Your goal — A word-for-word copy of the listing is what's needed; leave out every image.

━━ Input data

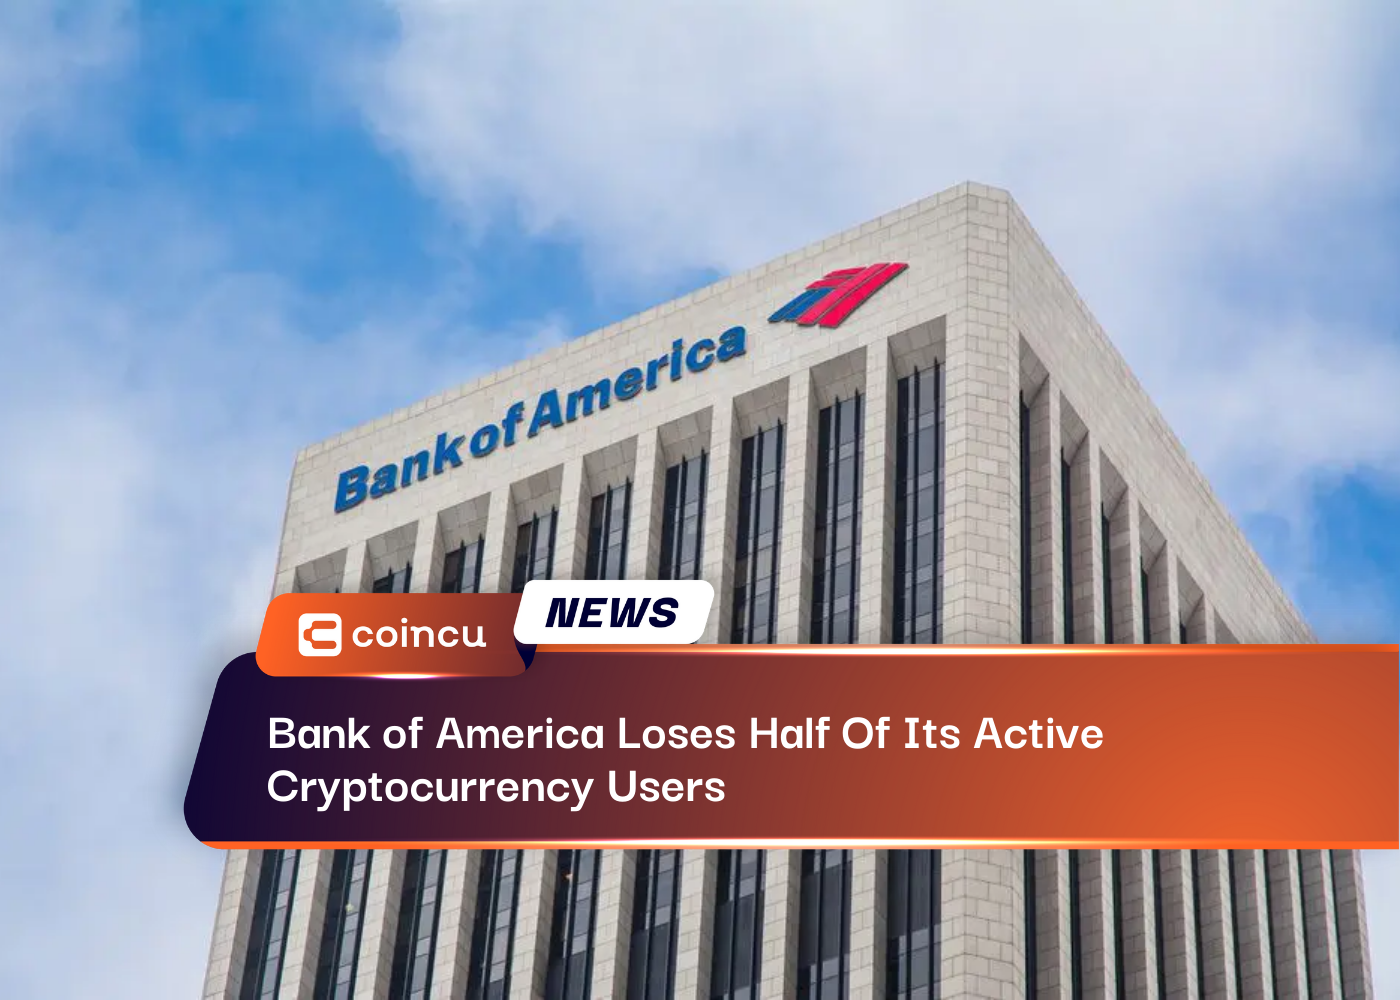 Bank of America Loses Half Of Its Active Cryptocurrency Users
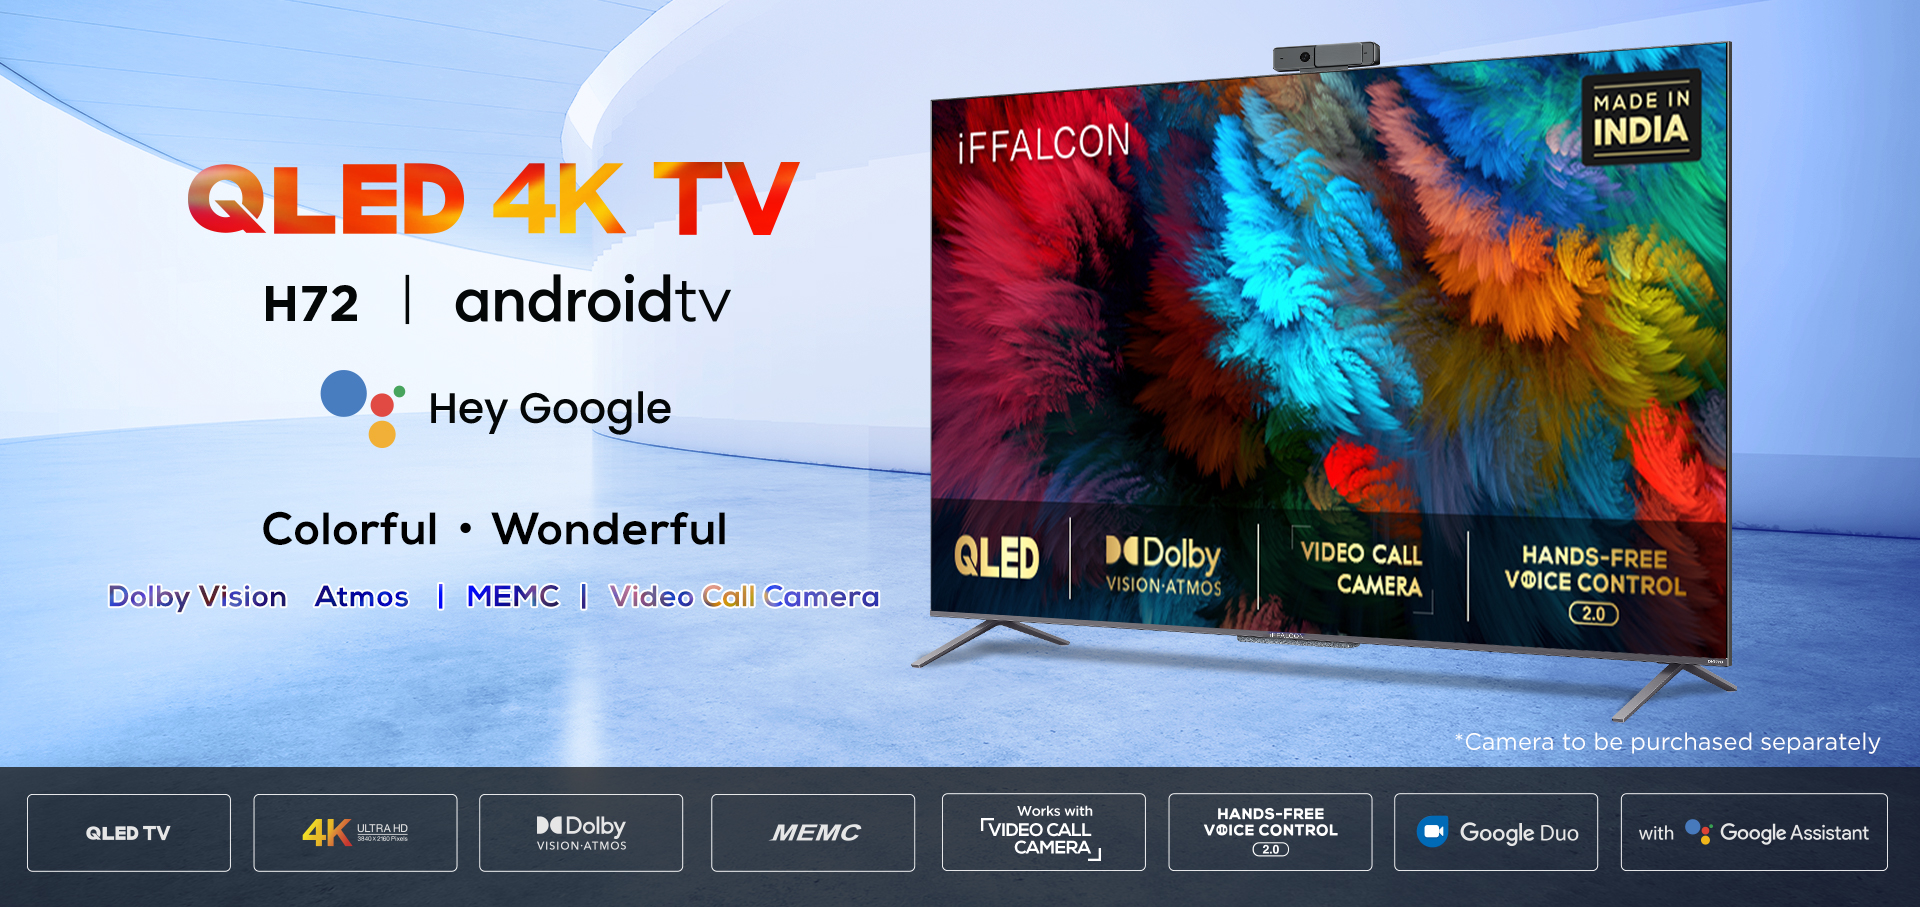 iFFALCON H72 QLED 4K Android TV
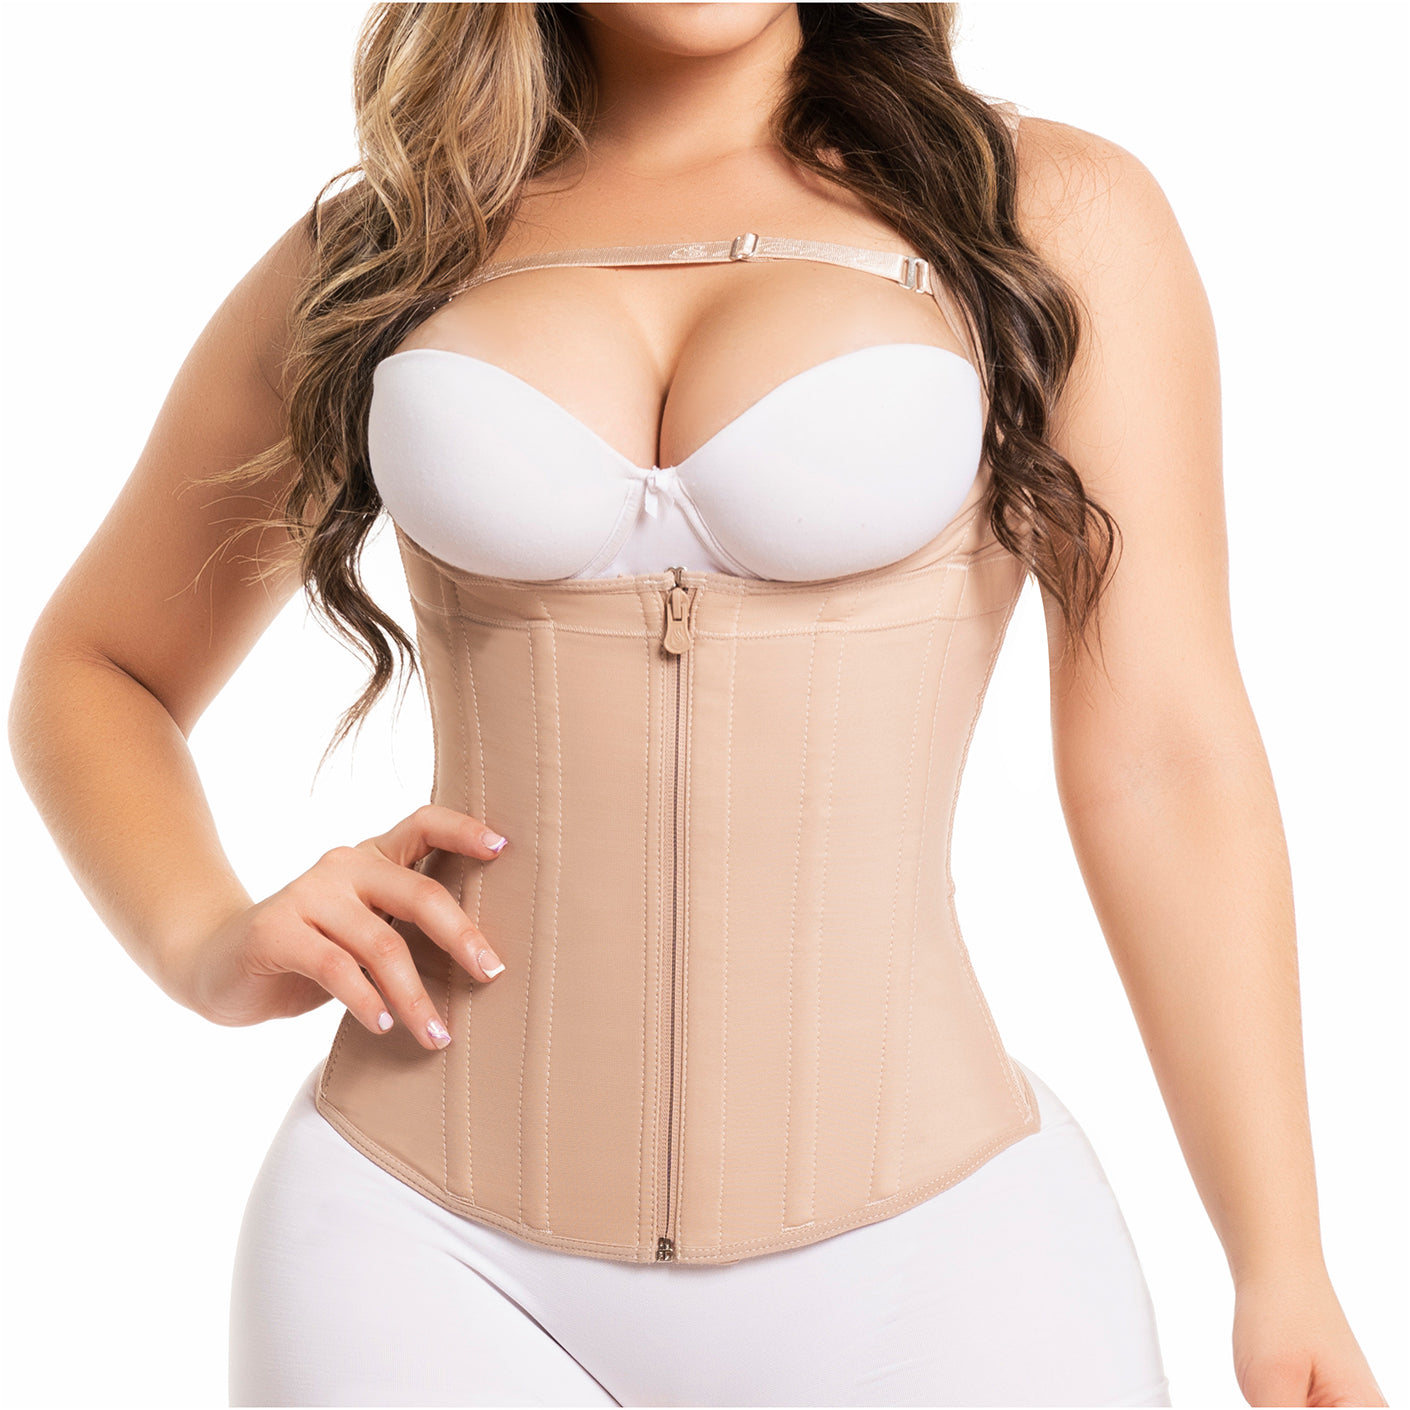 Salome 0309 Post surgical or rest Brassiere - Salome Post Surgical
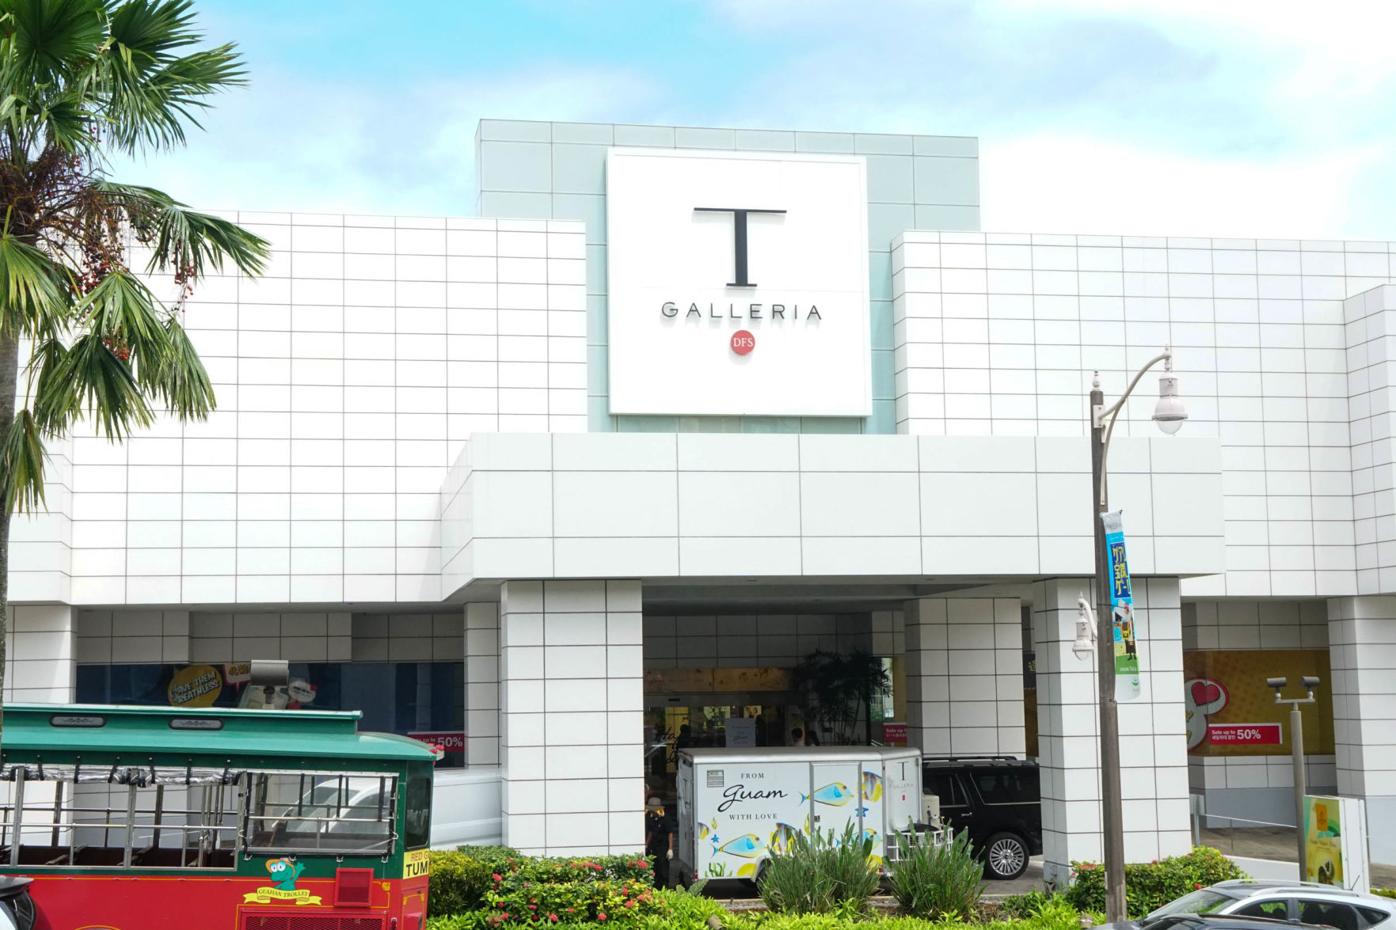 DFS - T Galleria by DFS Guam launches its first ever

━━━━

Output of the exercise —
 Bank of America Loses Half Of Its Active Cryptocurrency Users
 iFFALCON H72 QLED 4K Android TV
 Salome 0309 Post surgical or rest Brassiere - Salome Post Surgical
 DFS - T Galleria by DFS Guam launches its first ever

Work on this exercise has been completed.